Romek backs away. He is a man on the ropes, fighting for his self-belief.

‘Is it true that you wanted to send her money? That you said you would hang yourself if she did not allow you? That you threw something at her?'

‘We were all mad,' replies Romek. ‘Who can understand what we felt?'

‘Is it true?' Josh insists. He is relentless in his interrogation. He sees the confusion in Romek's eyes, but he cannot help himself. He is driven to pursue him.

‘Is it true?' he repeats.

‘True. False. It is not so simple,' counters Romek.

‘Yes or no,' demands Josh.

Romek falls silent. The book lies open upon the dresser. The Hebraic script is stained by the remains of a long-dead moth.

Romek lowers his eyes, and fastens them upon the stain.

She hears voices, and conjures the face of the man she once loved.
‘Romek mit di tsedreite oign
.
'
Romek with the crooked eyes, she mutters. They all have crooked eyes, those men whose voices seep from cracks in the kitchen walls. The entire world is full of men who betray and lie even as they smile. She sits in the kitchen and hears their distant talk in the front room. They are scheming against her: Romek with the crooked eyes, and Yoshua, her father's namesake, may he rest in peace. He too is turning against her. She is lured by the muffled sounds. She latches onto the trail of voices as if drawn on the train of a bridal gown.

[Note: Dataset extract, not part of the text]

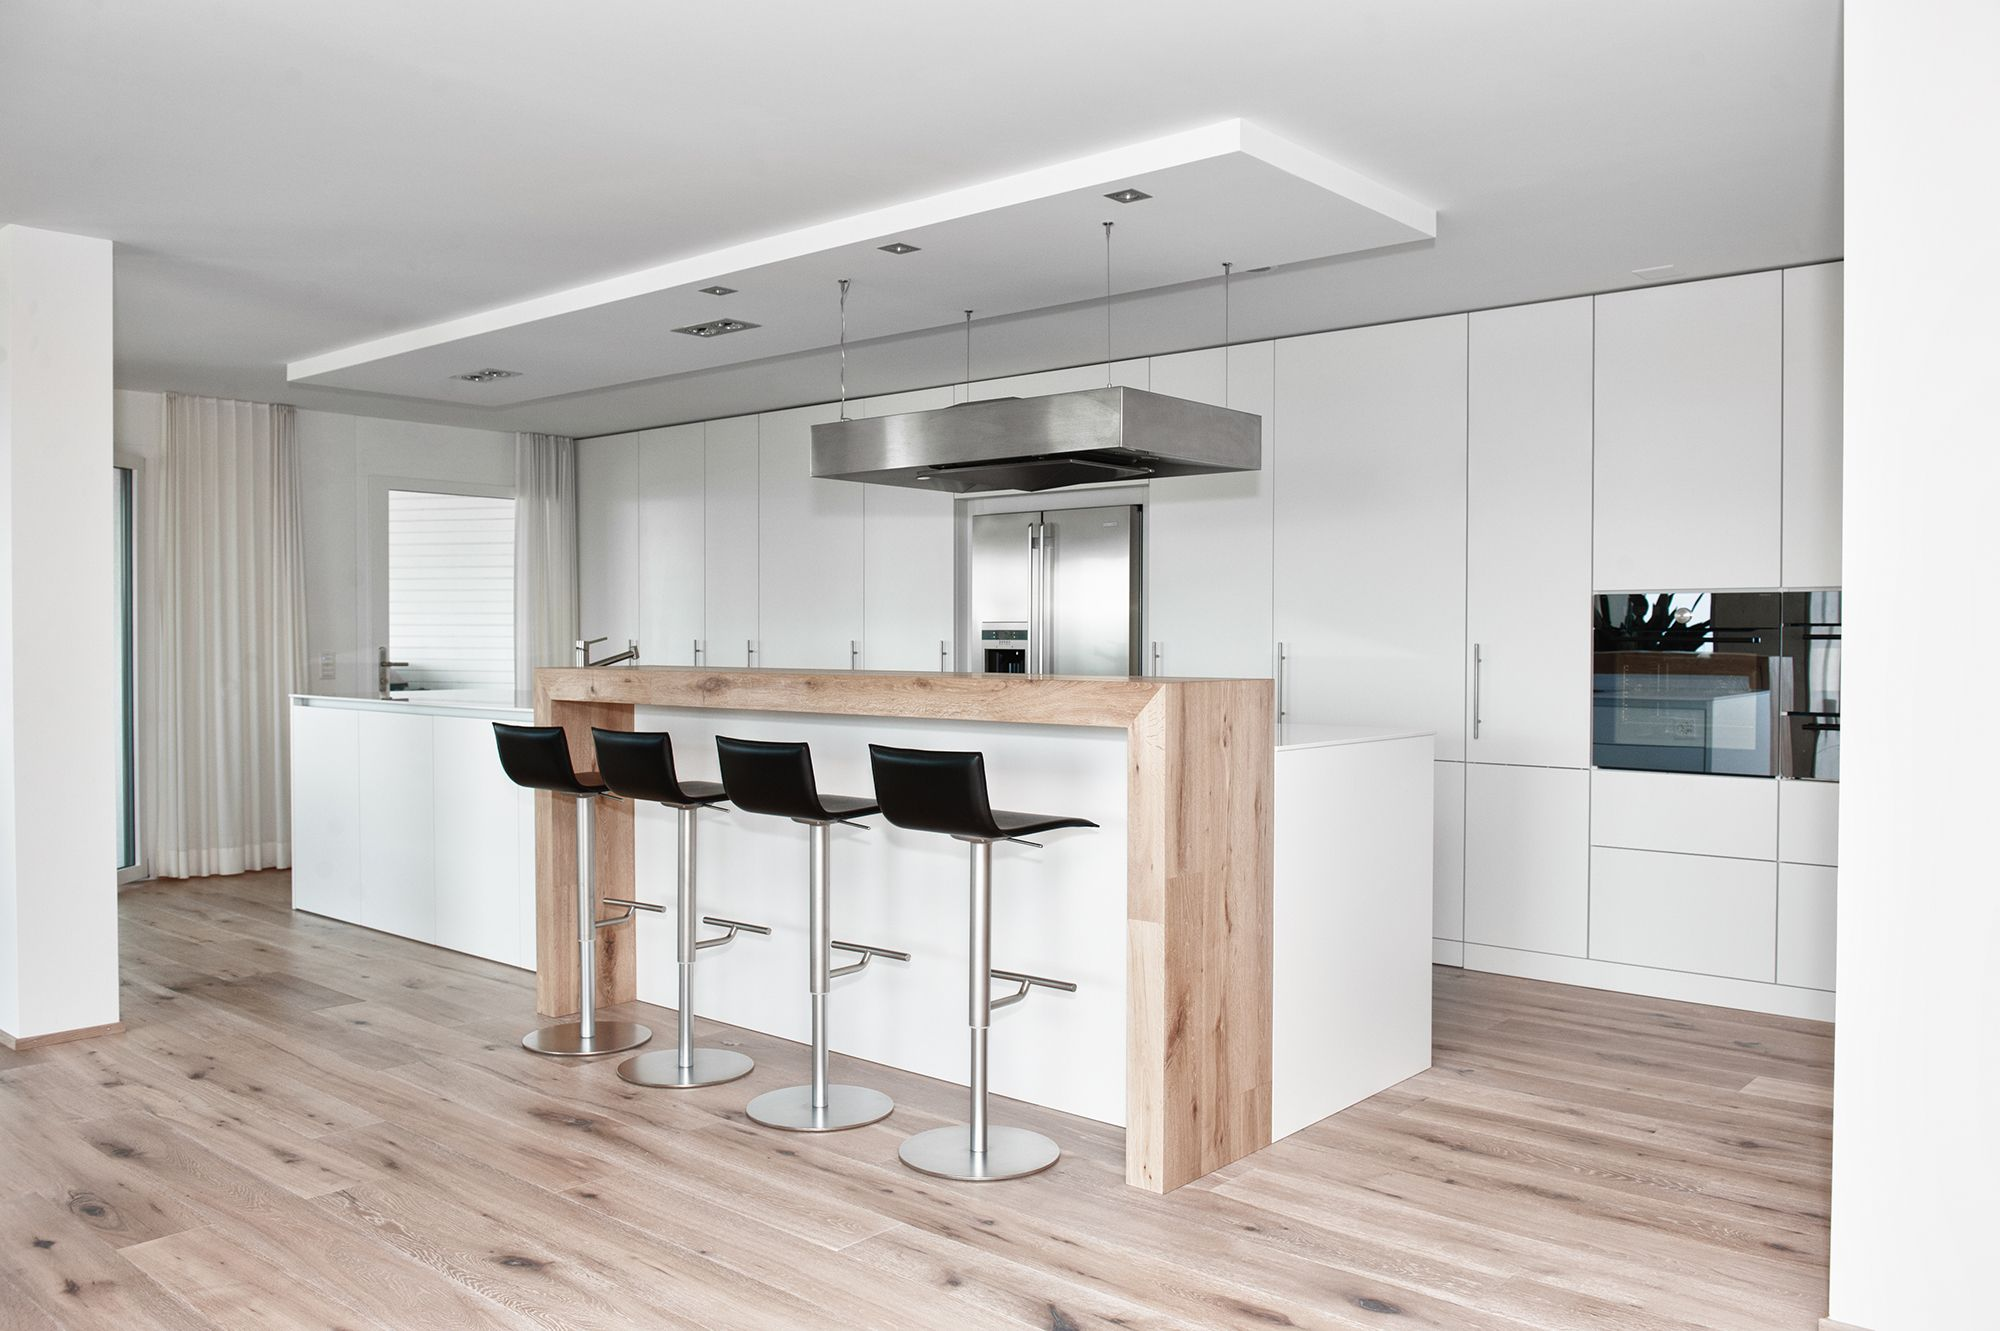 Hervorragend Moderne Küche Kochinsel Weiß Matt Holz Theke Kappa Armony   Wohn

She steals through the dining room. The upright radio glows in the dark. The dials wink. The globes growl. She creeps over the dining room carpet. She pauses, listens, steps into the passage. The linoleum is hard. Her feet scrape. Her body is charged. The voices are becoming louder. ‘Zofia. Zofia.' They are chanting her name.

She tiptoes past Yoshua's room in a crouch. ‘Zofia. Zofia.' The chorus terrifies her, yet draws her on. She places her hand upon the wall for support. She glances at the wooden skirting boards. She sees the holes in the plaster on the lower wall, the chipped paint on the boards. She pauses to calm her breath. She is outside the front room. The door is closed, but the voices are booming.

She can make out two strands. Romek's voice is an insinuating whisper, and Yoshua's, the voice of a questioning child. Surely they are laughing at her, pointing their fingers towards the door. The laughter is oozing through the keyhole. Their mockery is cascading from the walls. The walls are curving, tumbling.